WHAT THE TASK ASKS: Beginning with the line containing "Activists hold signs showing Tyre Nichols" and ending at the last line of the data, set down every line exactly, leaving out all pictures.
SOURCE DATA Block Start
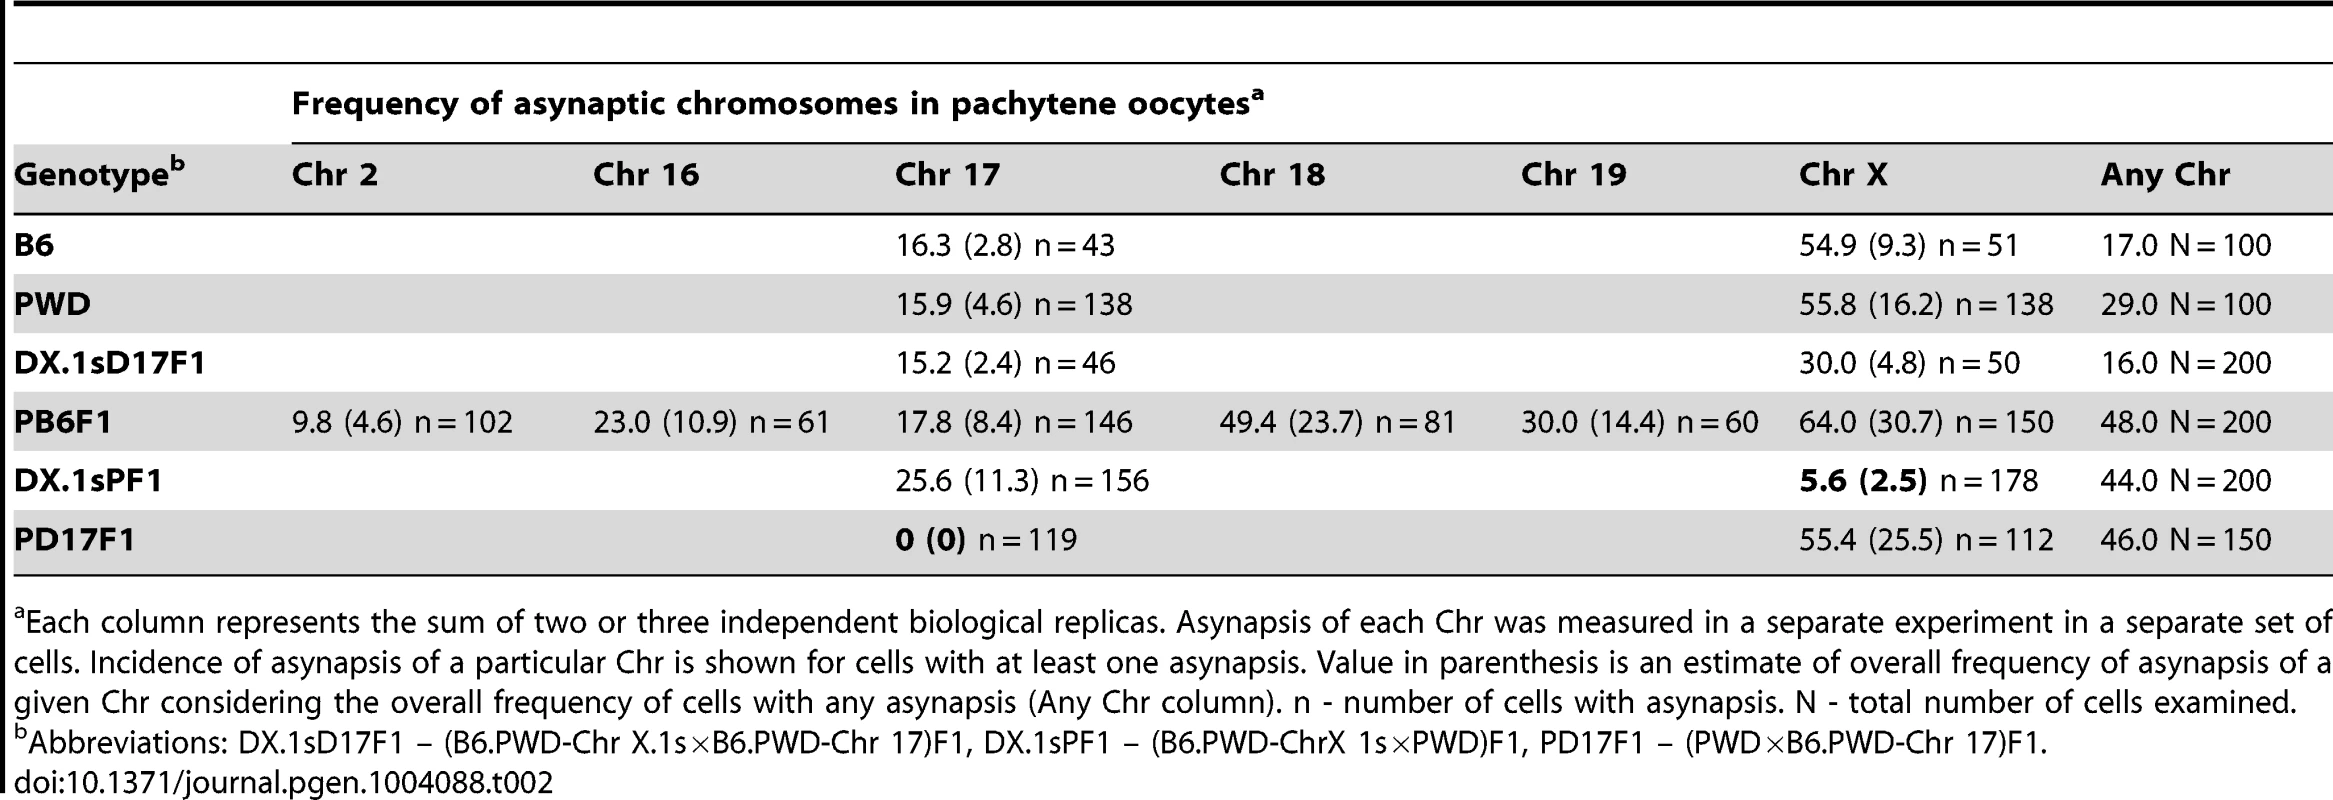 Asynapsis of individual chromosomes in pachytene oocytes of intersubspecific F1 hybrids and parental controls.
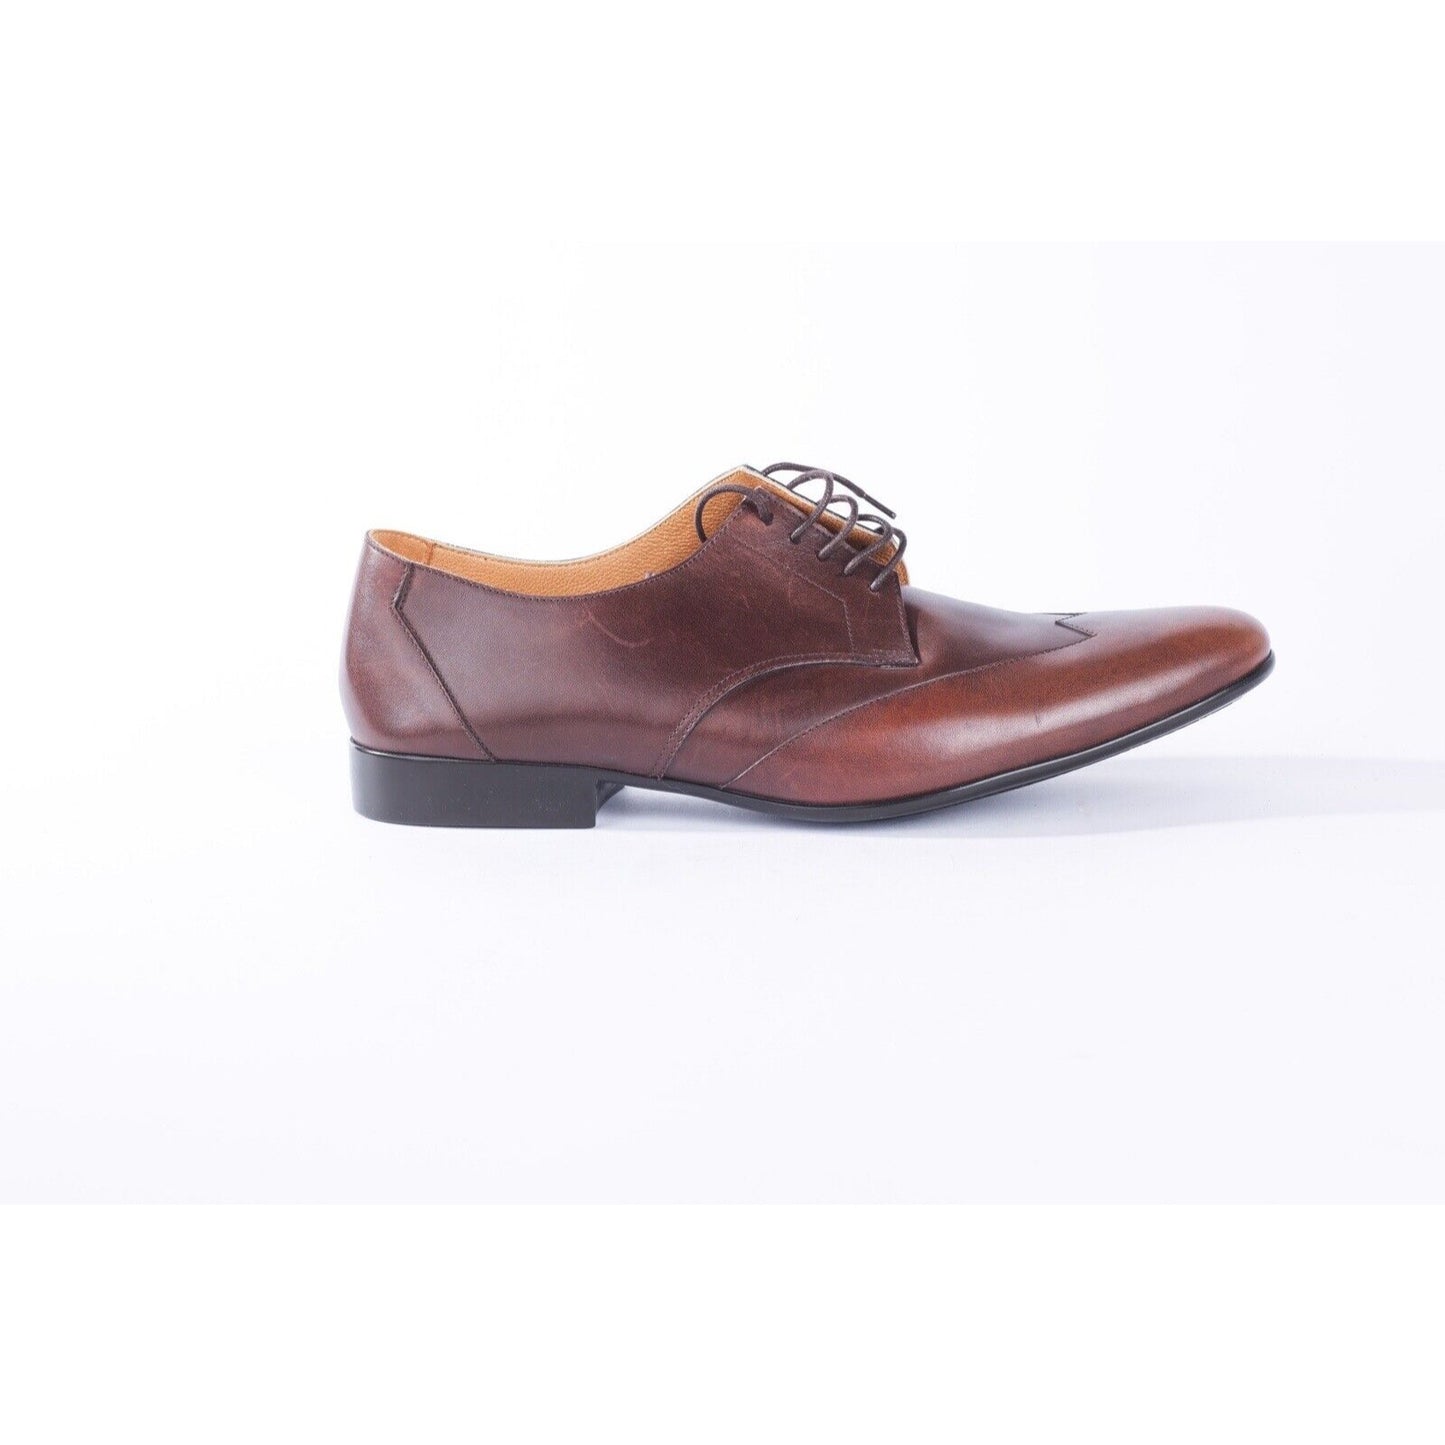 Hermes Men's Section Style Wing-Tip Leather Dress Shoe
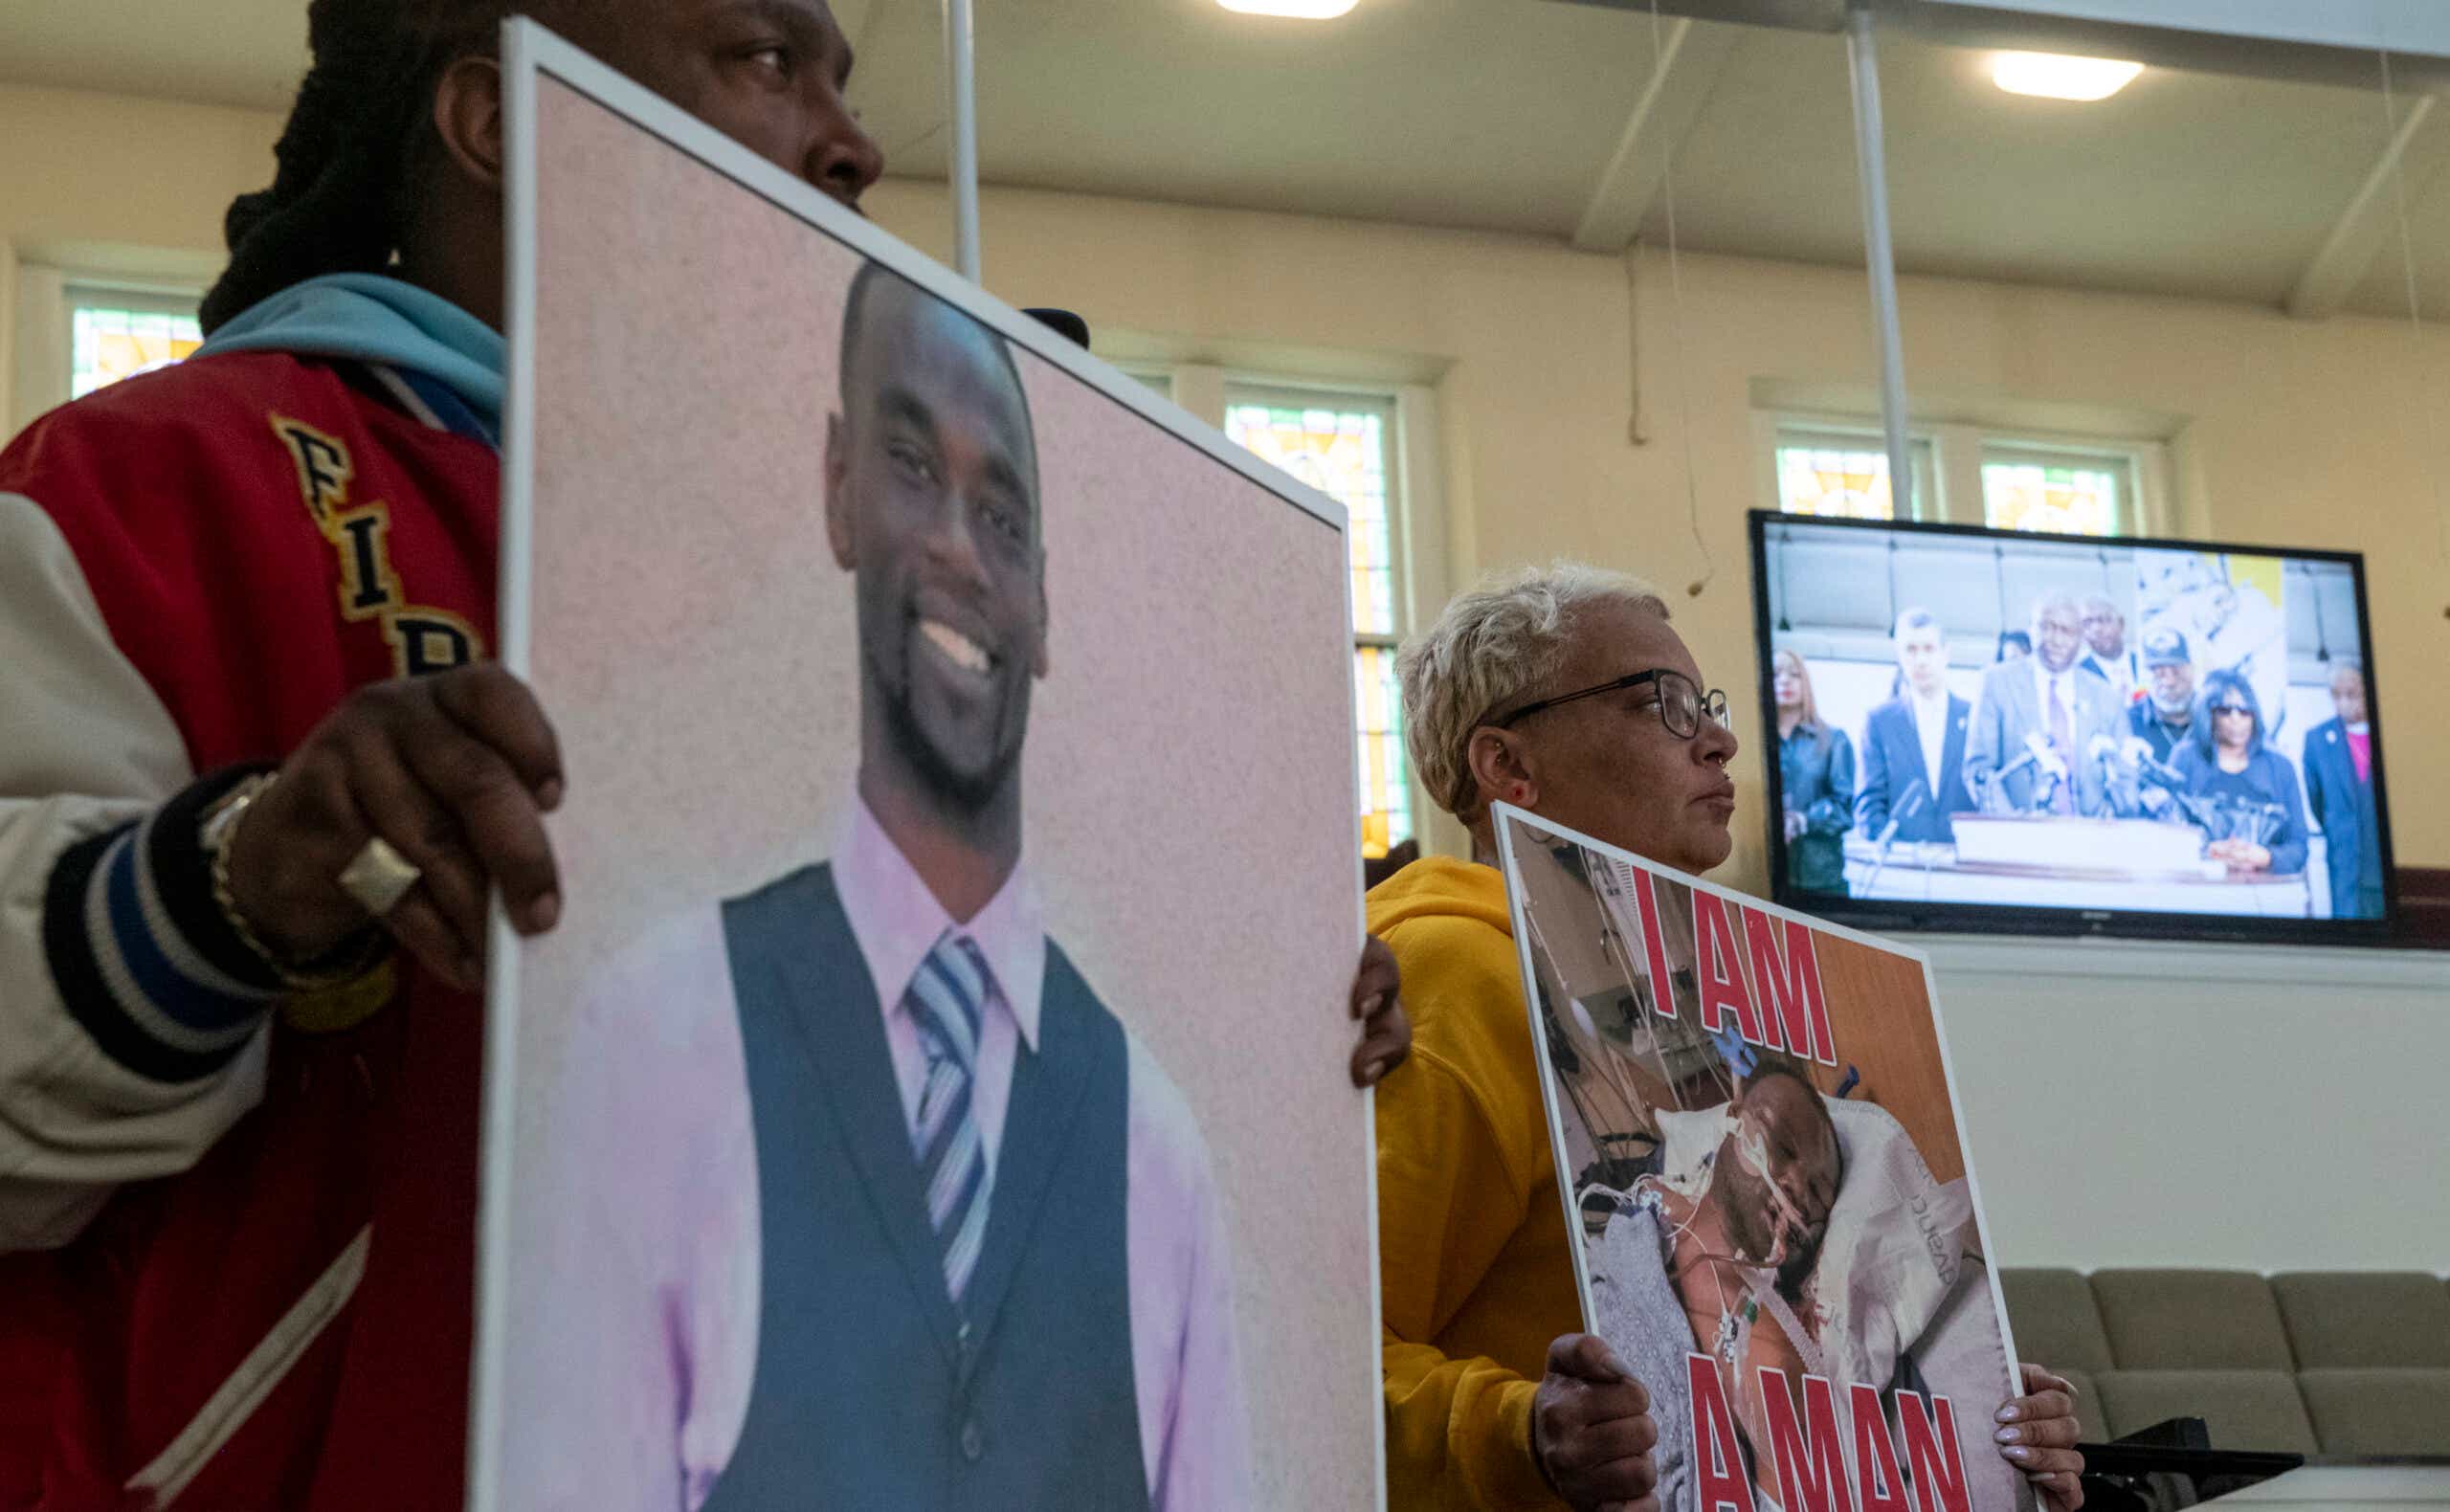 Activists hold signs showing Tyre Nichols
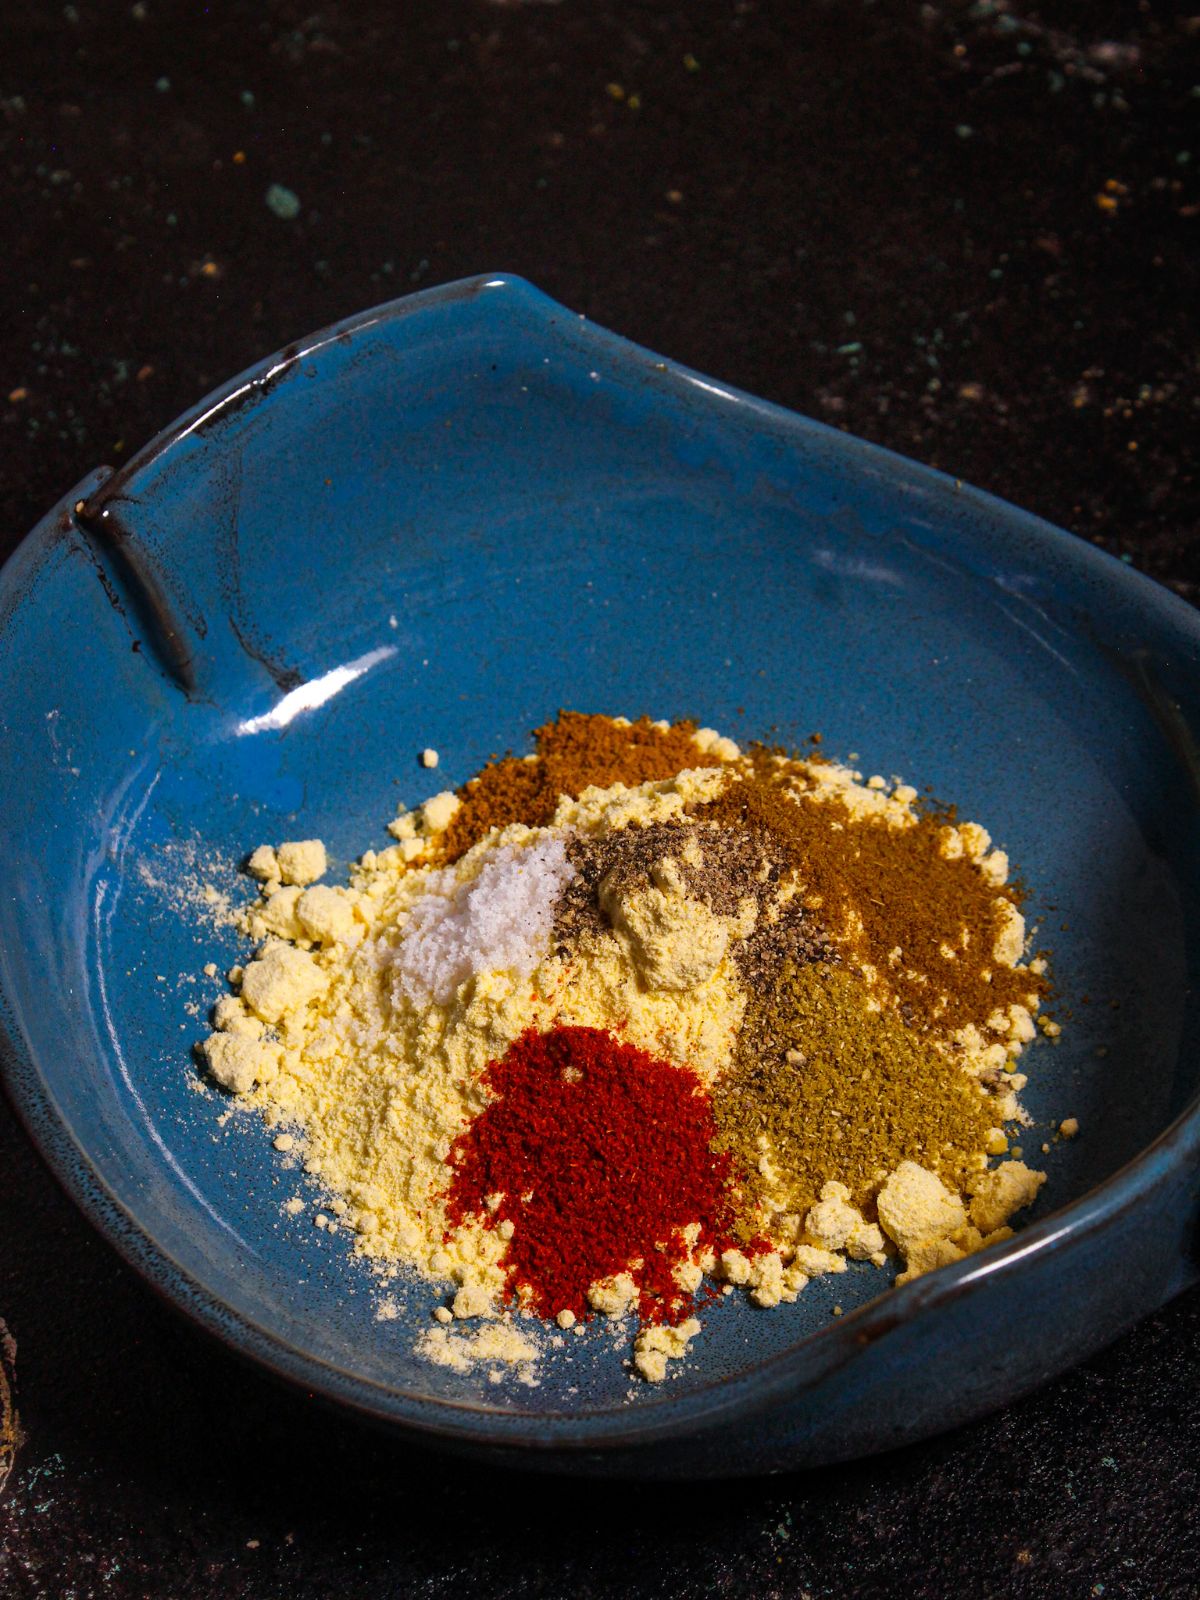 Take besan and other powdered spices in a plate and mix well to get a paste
SOURCE DATA Block End
RESULT:
 Activists hold signs showing Tyre Nichols
 Take besan and other powdered spices in a plate and mix well to get a paste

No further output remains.